# Word of the day - Haywire



## Jace (Jul 22, 2022)

Haywire...n.  +

Def.:  adj. informal-Not functioning properly, broken,  mentally or emotionally upset 

n...   wire used in baling hay  

He went_ haywire _when he heard the news.


----------



## Llynn (Jul 22, 2022)

I have heard this adjective used both in farming and logging.  Merriam Webster says:

The wire used in baling hay—haywire—is often used in makeshift repairs. This hurried and temporary use of haywire gave rise to the adjective _haywire_. When the adjective was first used in the early 20th century, it was primarily found in the phrase "haywire outfit," which originally denoted a poorly equipped group of loggers and then anything that was flimsy or patched together.

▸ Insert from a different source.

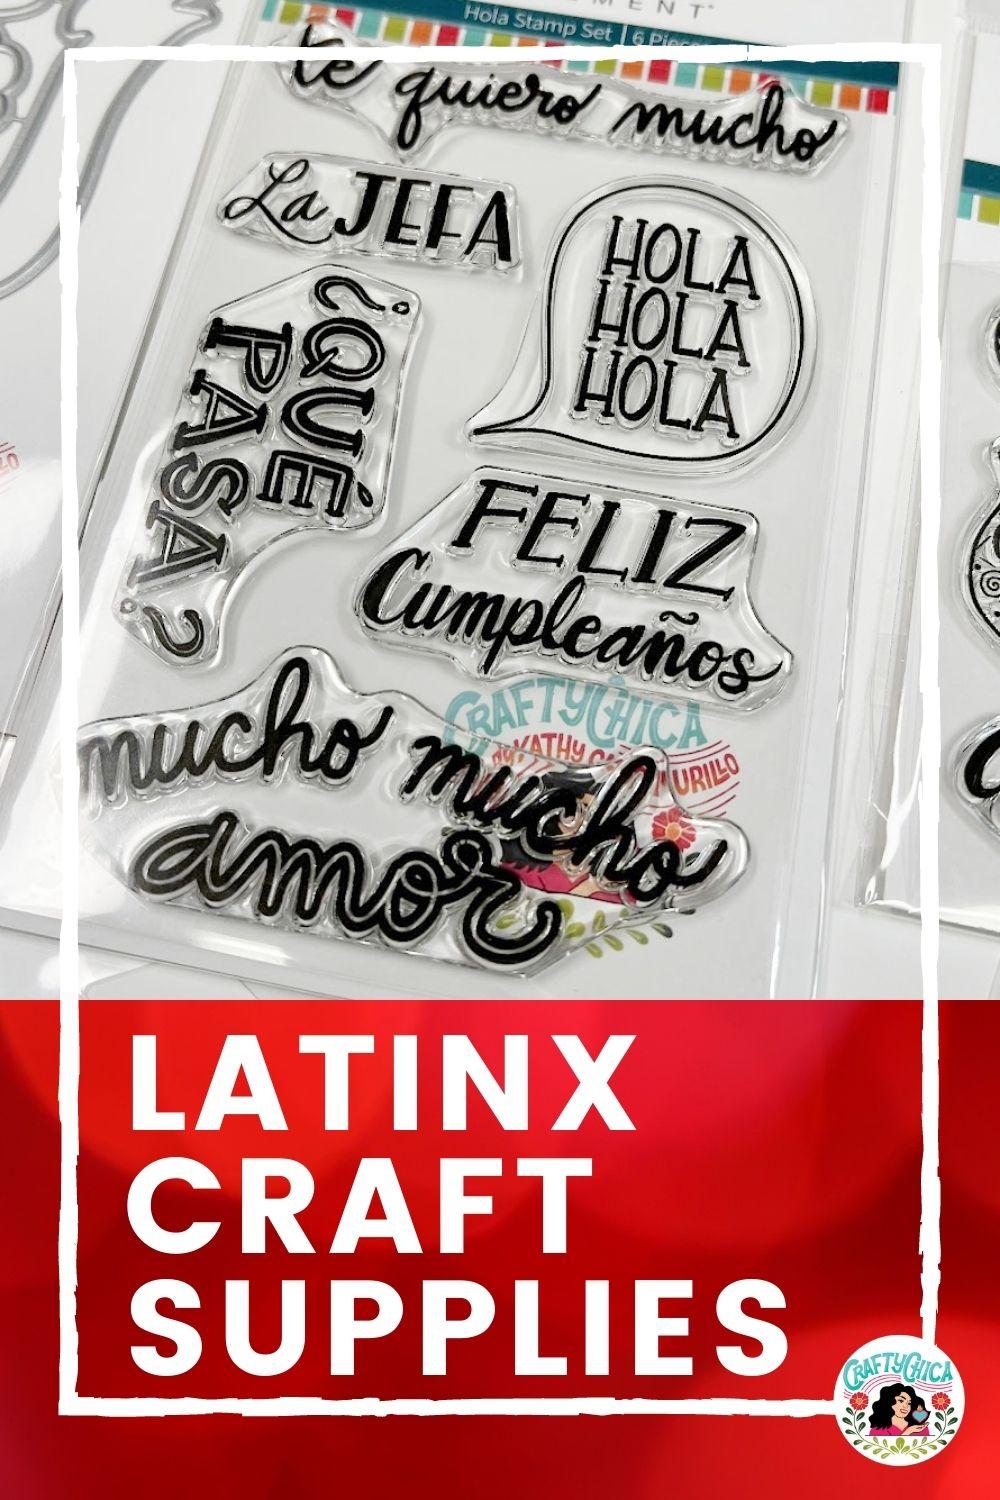 latinx craft supplies - Crafty Chica paper crafting products
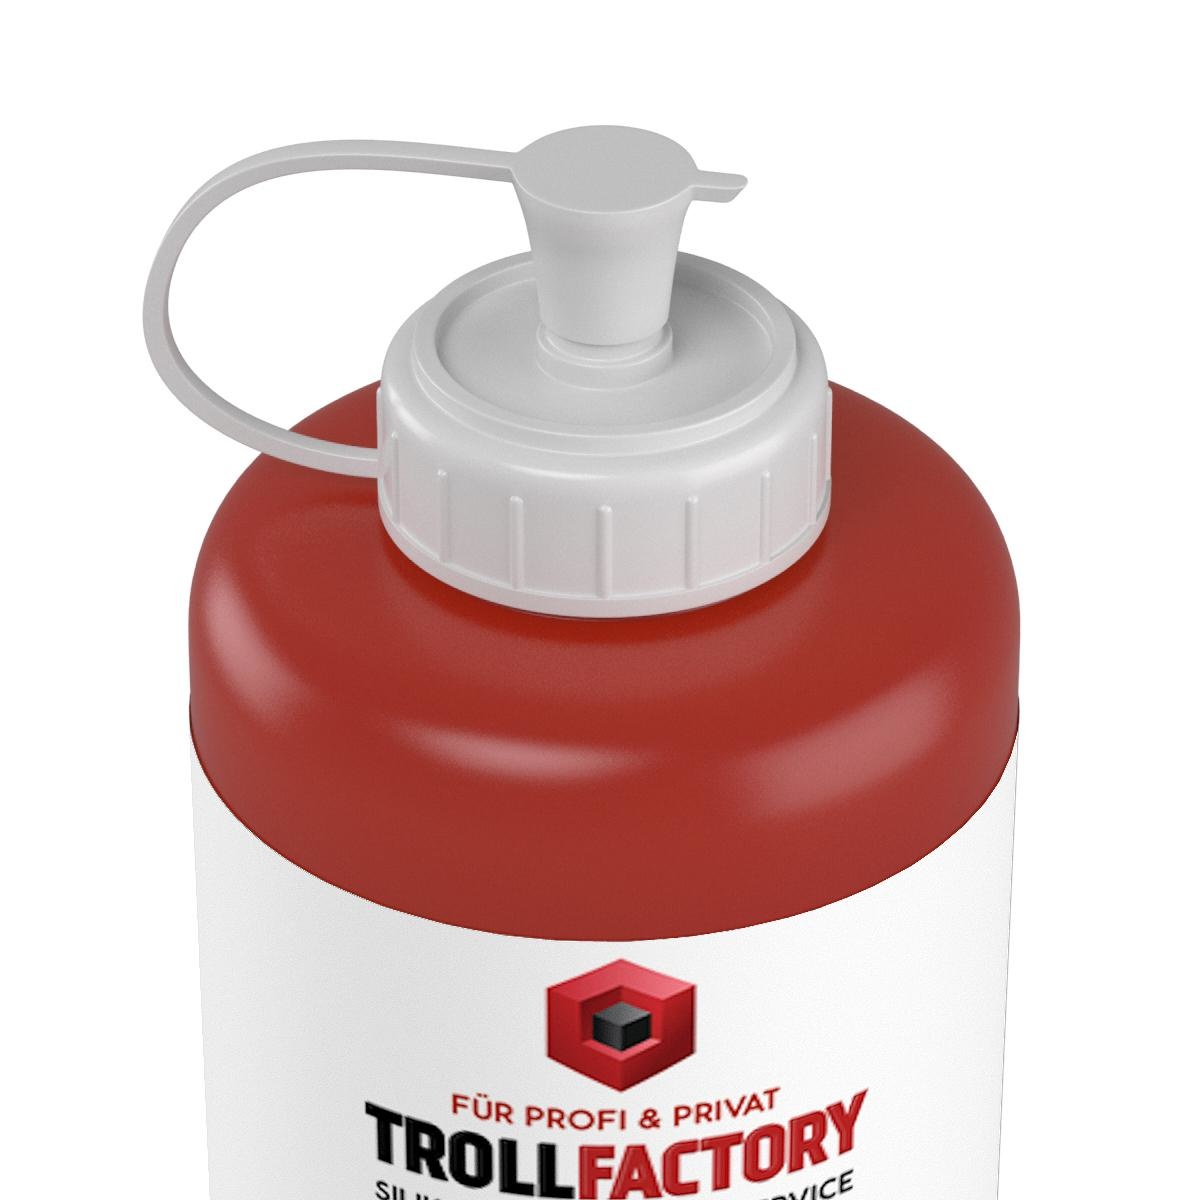 Troll Factory TFC Troll Factory Silicone Rubber Type 3 HB Tin hittebestendig 2000g

This led to a "hastily patched-up" sense, which, in turn, gave us the more commonly used meaning, "being out of order or having gone wrong." The "crazy" sense of _haywire_ may have been suggested by the difficulty of handling the springy wire, its tendency to get tangled around legs, or the disorderly appearance of the temporary repair jobs for which it was used.

Loggers also used the term to refer to a thin braided wire line used to pull heavier wire cable through rigging blocks.


----------



## ohioboy (Jul 22, 2022)

The theft of the farm haystacks went haywire when they got caught!


----------



## Ruthanne (Jul 22, 2022)

I haven't gone haywire lately but give it time....


----------



## ohioboy (Jul 22, 2022)

Ruthanne's hair went haywire!


----------



## Ruthanne (Jul 23, 2022)

ohioboy said:


> Ruthanne's hair went haywire!


Again??


----------



## JustDave (Jul 23, 2022)

My grandfather used to use that term all the time.  He would accuse anyone he disagreed with as "going haywire."  For years, I thought it was a colloquialism that probably wasn't even in the dictionary.  Although, I used it from time to time.  I think it has special meaning for me because it's not just a word with a meaning.  I actually hear the inflection of my grandfather's voice when I use it.  It's the voice of a person gone haywire himself as he points his accusatory finger at everyone else.   Everyone makes "mistakes" in life, but when you've "gone haywire," you've crossed an arbitrary line, where you have lost all control of yourself. 

So that's my definition, but I doubt you will find that in any dictionary.


----------



## Mizmo (Jul 23, 2022)

A long time ago I almost went haywire when I saw what a racoon did to my garden vegetables


----------



## Kaila (Jul 23, 2022)

Llynn said:


> I have heard this adjective used both in farming and logging.  Merriam Webster says:
> 
> The wire used in baling hay—haywire—is often used in makeshift repairs. This hurried and temporary use of haywire gave rise to the adjective _haywire_. When the adjective was first used in the early 20th century, it was primarily found in the phrase "haywire outfit," which originally denoted a poorly equipped group of loggers and then anything that was flimsy or patched together. This led to a "hastily patched-up" sense, which, in turn, gave us the more commonly used meaning, "being out of order or having gone wrong." The "crazy" sense of _haywire_ may have been suggested by the difficulty of handling the springy wire, its tendency to get tangled around legs, or the disorderly appearance of the temporary repair jobs for which it was used.
> 
> Loggers also used the term to refer to a thin braided wire line used to pull heavier wire cable through rigging blocks.



This post fascinated me.  Thank you for all of that!
I hadn't known any of it, and I love learning new things, including background and history.


----------



## Kaila (Jul 23, 2022)

Mizmo said:


> A long time ago I almost went haywire when I saw what a racoon did to my garden vegetablesView attachment 230726



He'd gone _haywire_ with overwhelming joy and excitement, at the sight of *your* fantastic vegetable garden?


----------



## Kaila (Jul 23, 2022)

Mizmo said:


> A long time ago I almost went haywire when I saw what a racoon did to my garden vegetablesView attachment 230726



And did _your reaction _frighten the poor defenseless adorable visitor who had been expecting to be treated properly as your guest?


----------



## Mizmo (Jul 23, 2022)

Kaila said:


> And did _your reaction _frighten the poor defenseless adorable visitor who had been expecting to be treated properly as your guest?


I did not have the pleasure of meeting him close up....just saw him from upstairs bedroom window early morning.
He and presumably others ate a whole row of corn on the cob  which we were just about ready to pick.
Midnight snack so to speak....and they didn't bother to clean up...wot a mess !!!!
Some brussel sprouts were also savagely attacked.
The whole street was affected.  Anyone with veggies growing had the pleasure of their company too.


----------



## Kaila (Jul 23, 2022)

Seriously, @Mizmo 
 that was the definition of _wearing out their welcome!

A bad experience, for sure, you had there!
I can totally understand it, if you went *haywire *then!_


----------